In this regard, the requirements for assessing the benefits of treatment are relatively minimal and straightforward, whereas the requirements for assessing the negative effects of treatment are considerably more complex. In fact, assessment requirements focus on assessing negative impacts, requiring companies to:
- Identify all negative effects and their causes.
- Please explain their size and potential.and
- Please explain the criteria and method by which the company determined these.
The assessment assesses at least 10 separate categories of negative impacts, ranging from constitutional harms and discrimination to more specific harms such as physical and psychological harm resulting from high-risk processing activities undertaken by companies. need to do it.
The draft regulations make clear that it is not enough to consider these adverse effects. Rather, companies must develop and implement safety measures specifically designed to address them. Companies must be able to clarify the extent to which each safety measure addresses adverse effects. These obligations continue, and companies are required to identify and implement additional safeguards to “maintain knowledge of emergent risks and countermeasures.”

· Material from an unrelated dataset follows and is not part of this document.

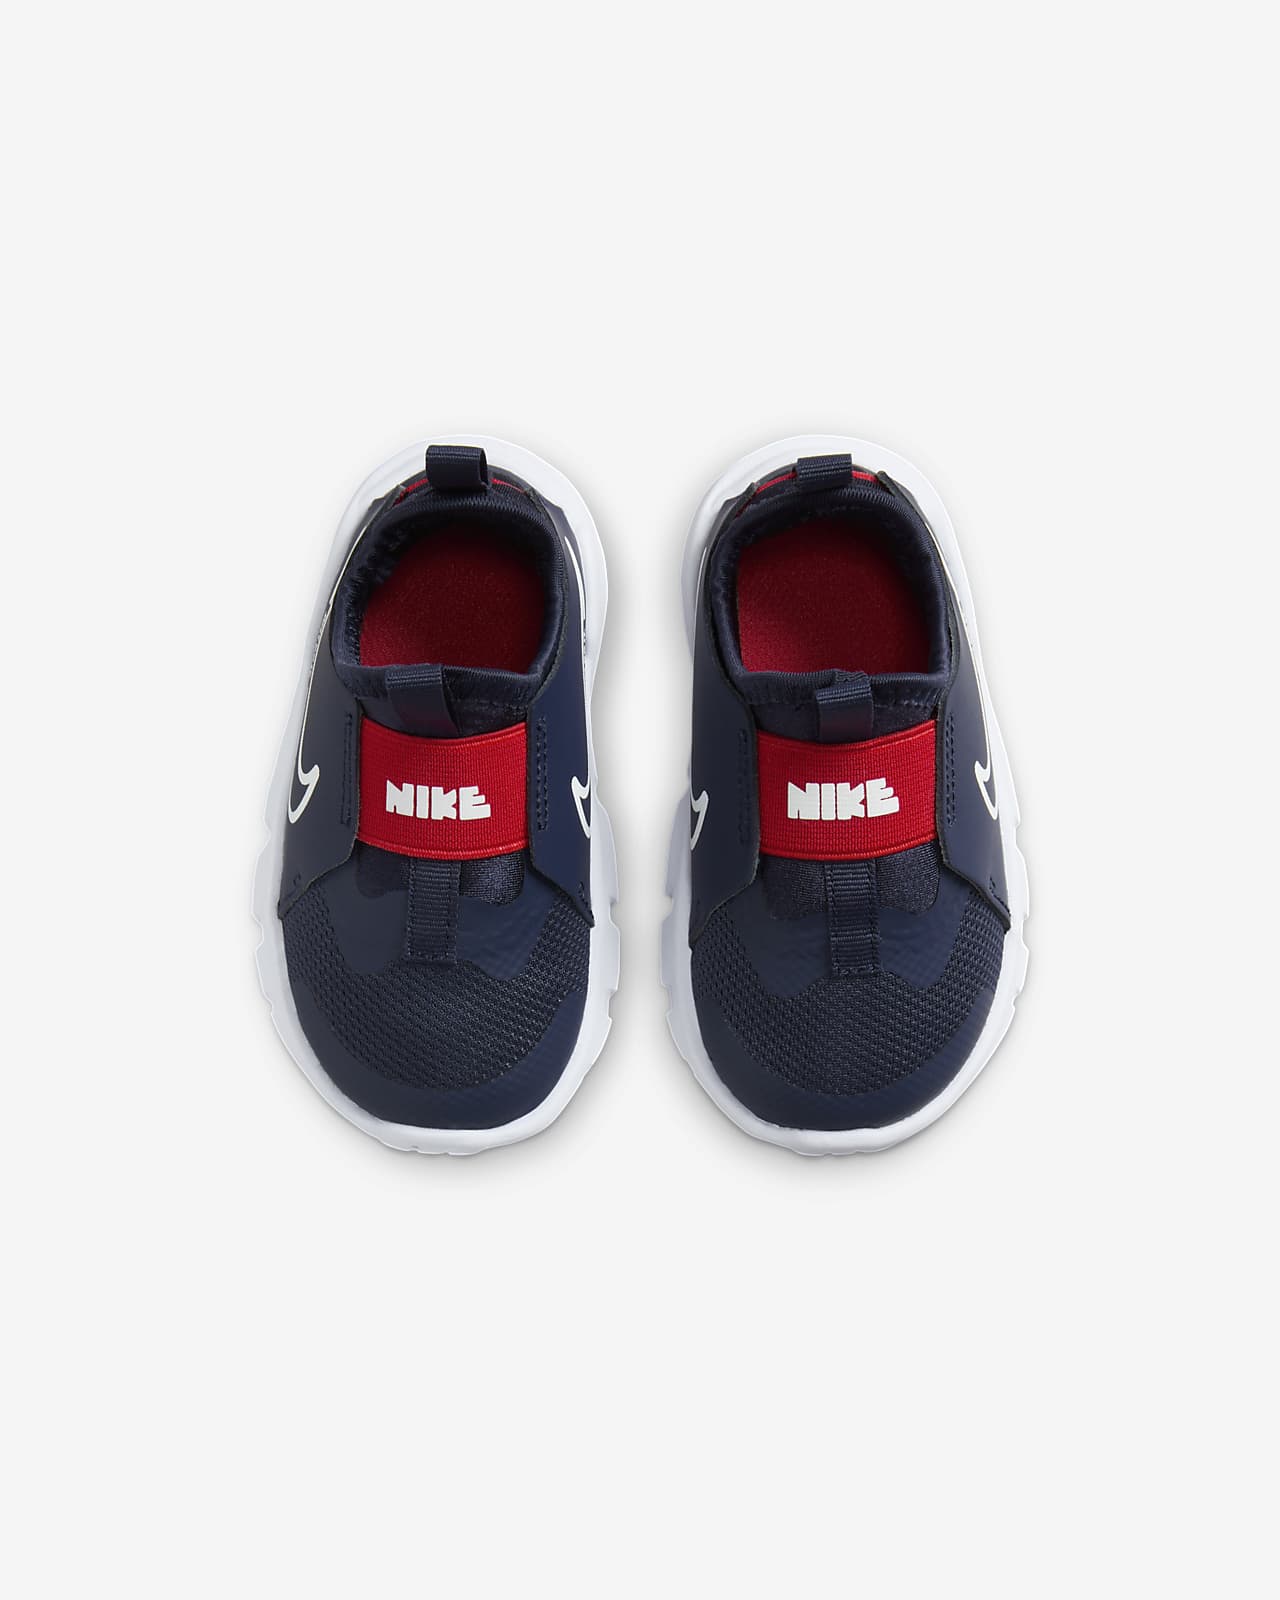 Shoes. Flex 2 Nike Runner Baby/Toddler

Additionally, the draft risk assessment regulation requires companies to justify high-risk processing activities by explaining how the benefits of processing outweigh the negative impacts mitigated by the aforementioned safeguards. I am. Given the substantial requirements for negative impact analysis, companies will need to work hard to identify and clearly articulate sufficiently compelling benefits of processing in order to adequately support their processing activities. there is.

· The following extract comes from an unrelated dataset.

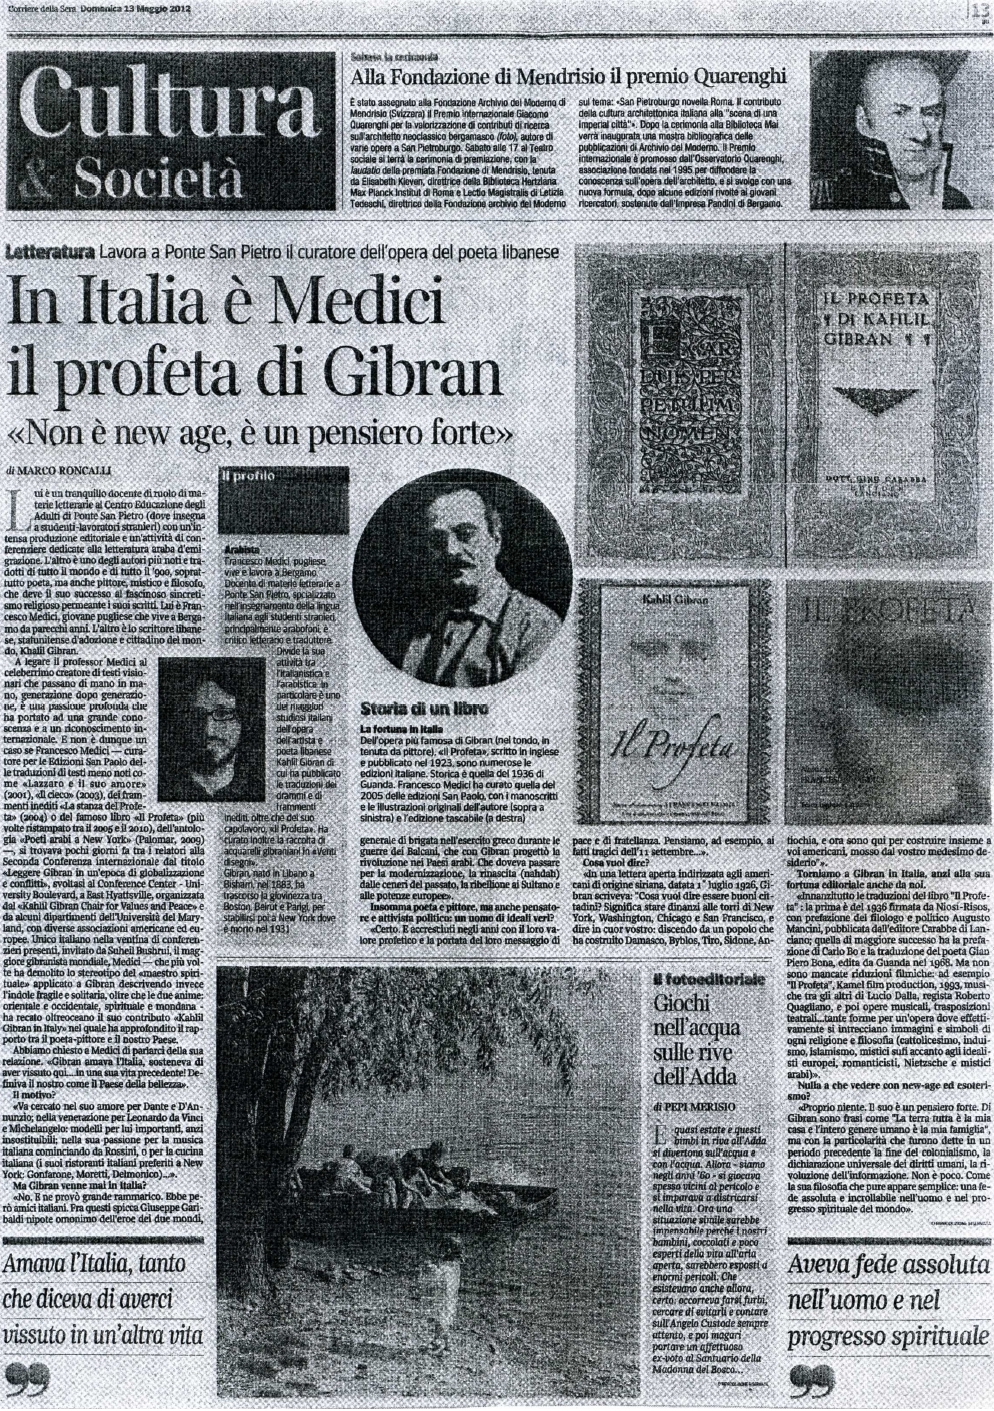 Marco Roncalli, "In Italia è Medici il profeta di Gibran", Corriere della Sera (Bergamo), May 13, 2012, p. 12 (interview).

Companies should also devise meaningful mitigation techniques to reduce the level of risk associated with such processing to a sufficiently low level to ensure that the benefits of such processing outweigh the negative impacts. To demonstrate this, companies must continue to engage external consultants to assess processing activities, design mitigation measures and carry out periodic assessments to ensure a balance of risk in favor of continued processing. You may need to hire and retain them.
Looking to the future
Although the draft Cybersecurity Audit and Risk Assessment Regulations have a long way to go before they become effective, they are a strong indication of the agency’s current thinking on these subjects. Therefore, companies that may fall within these requirements should monitor this area closely.